Once you reach the line with "Steaming cup of", copy it and every line after it exactly, up to the end of the data. Omit the pictures.

§ **Data section**:

[Start of Attachment]

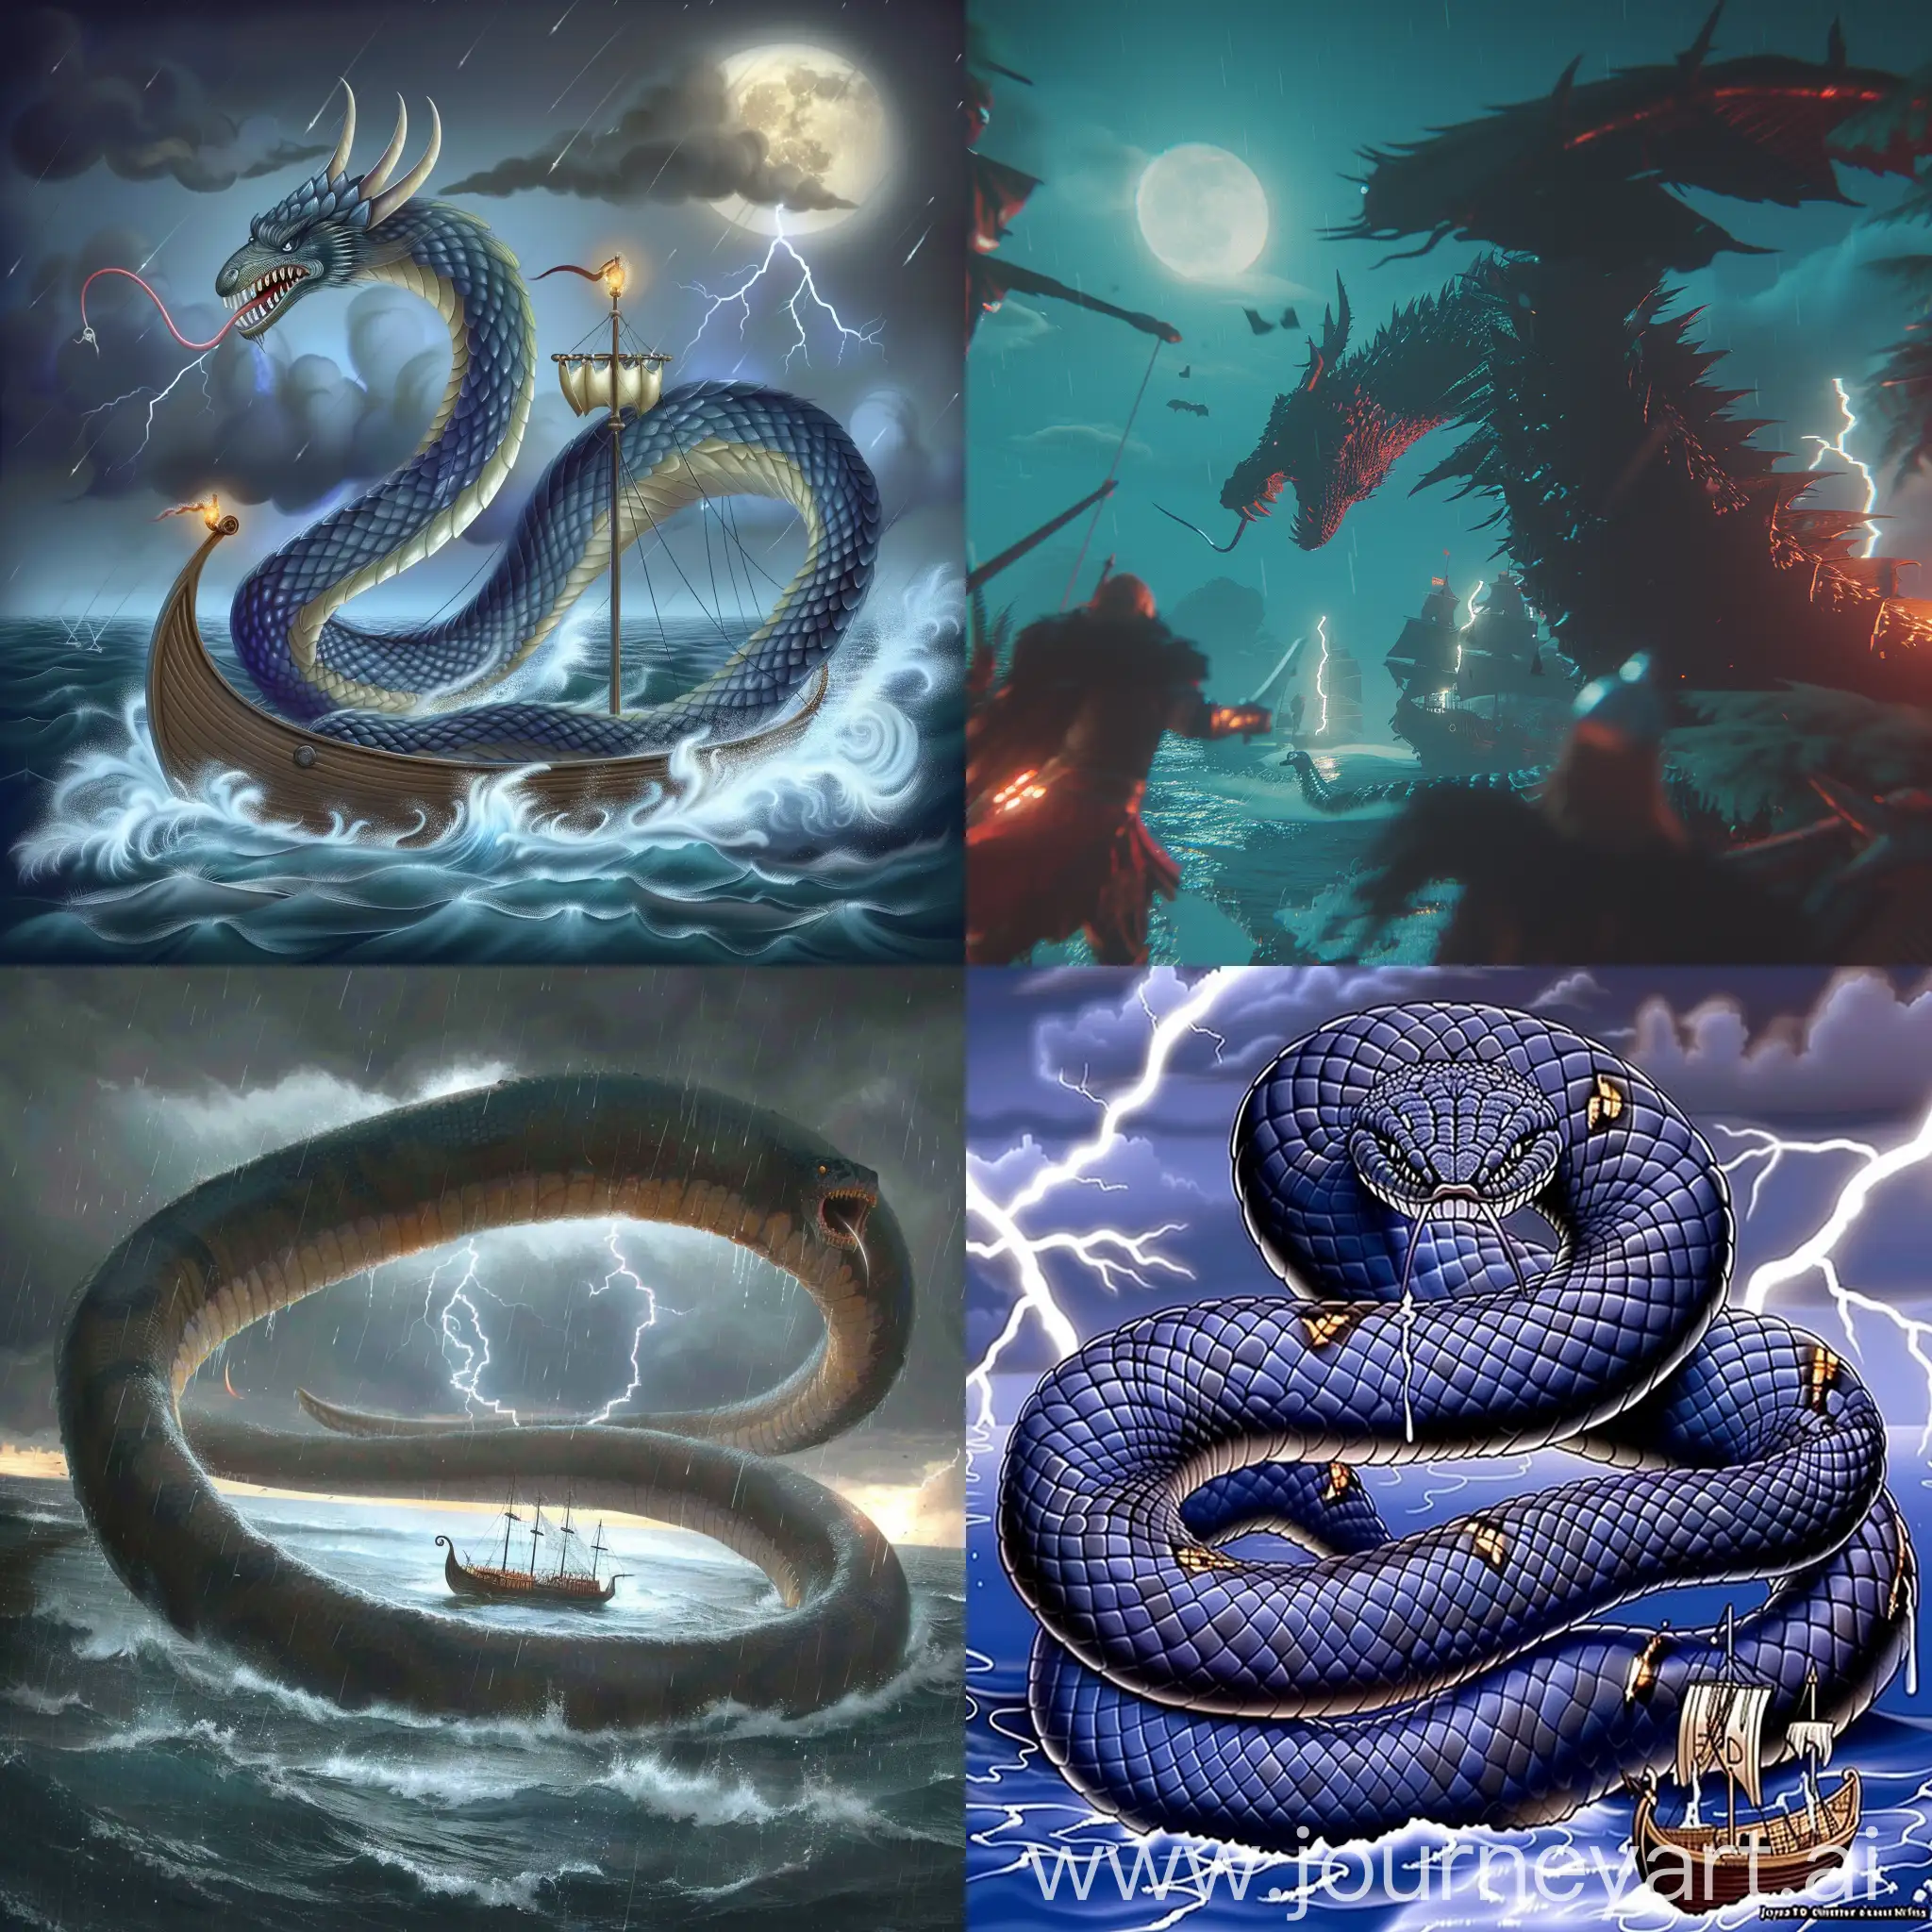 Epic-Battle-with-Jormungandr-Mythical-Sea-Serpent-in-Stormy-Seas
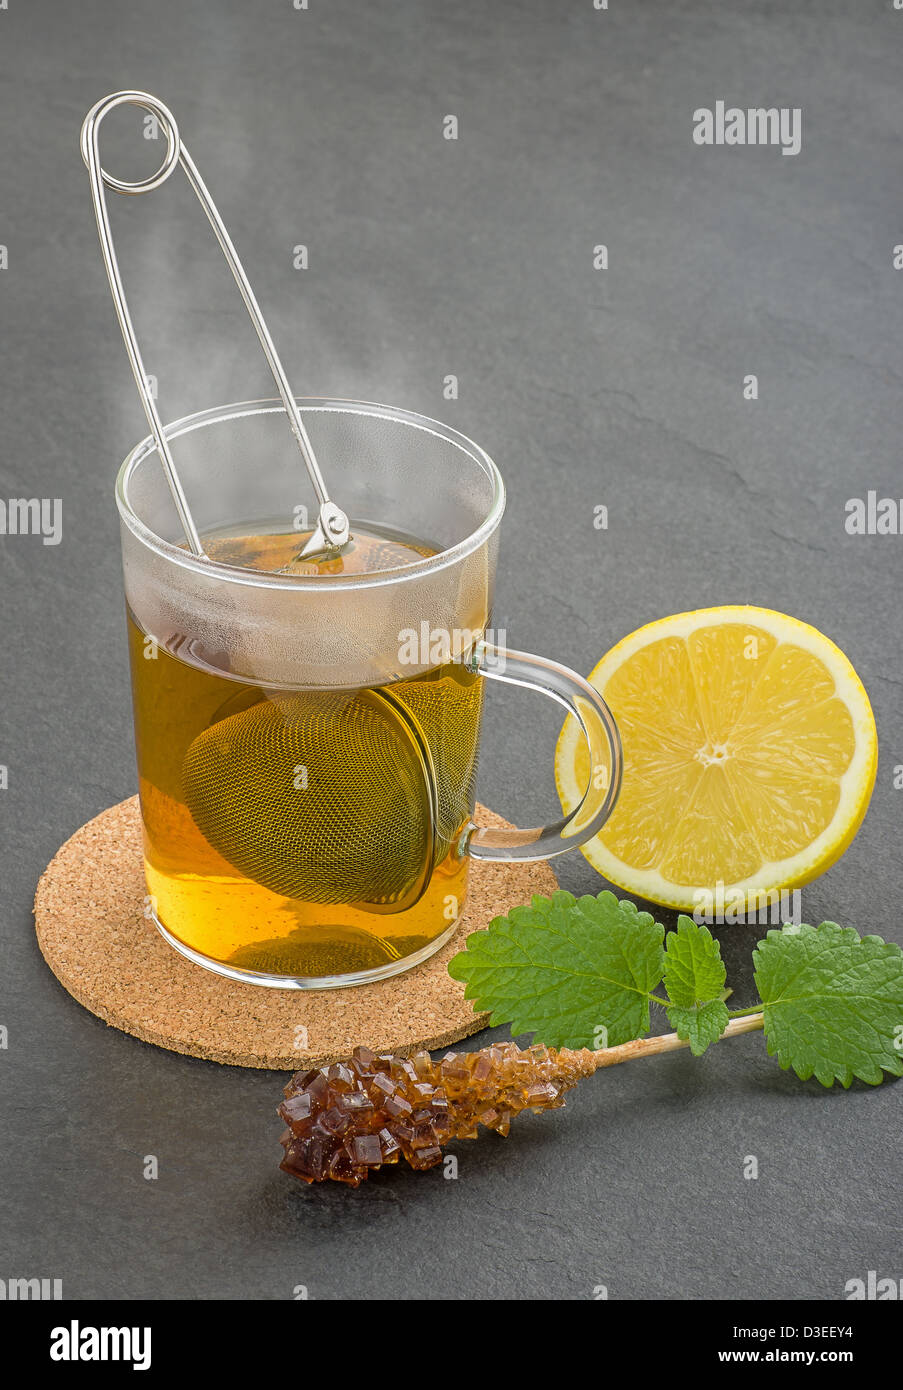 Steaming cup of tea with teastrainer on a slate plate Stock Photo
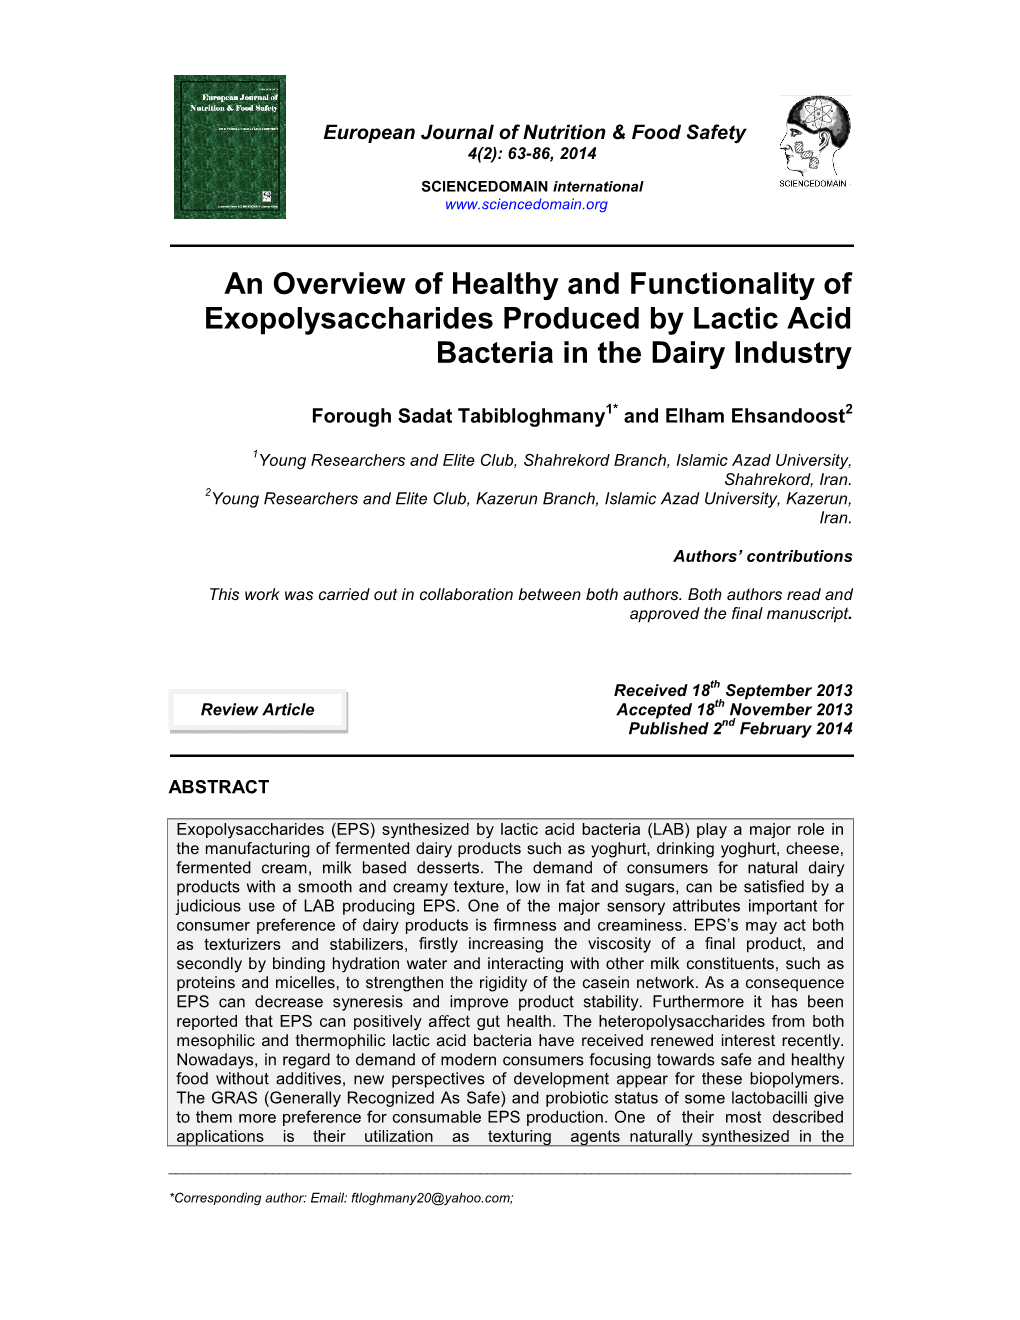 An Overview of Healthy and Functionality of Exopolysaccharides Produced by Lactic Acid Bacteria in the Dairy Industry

[End of Attachment]

§ **The answer**:
 Steaming cup of tea with teastrainer on a slate plate Stock Photo
 An Overview of Healthy and Functionality of Exopolysaccharides Produced by Lactic Acid Bacteria in the Dairy Industry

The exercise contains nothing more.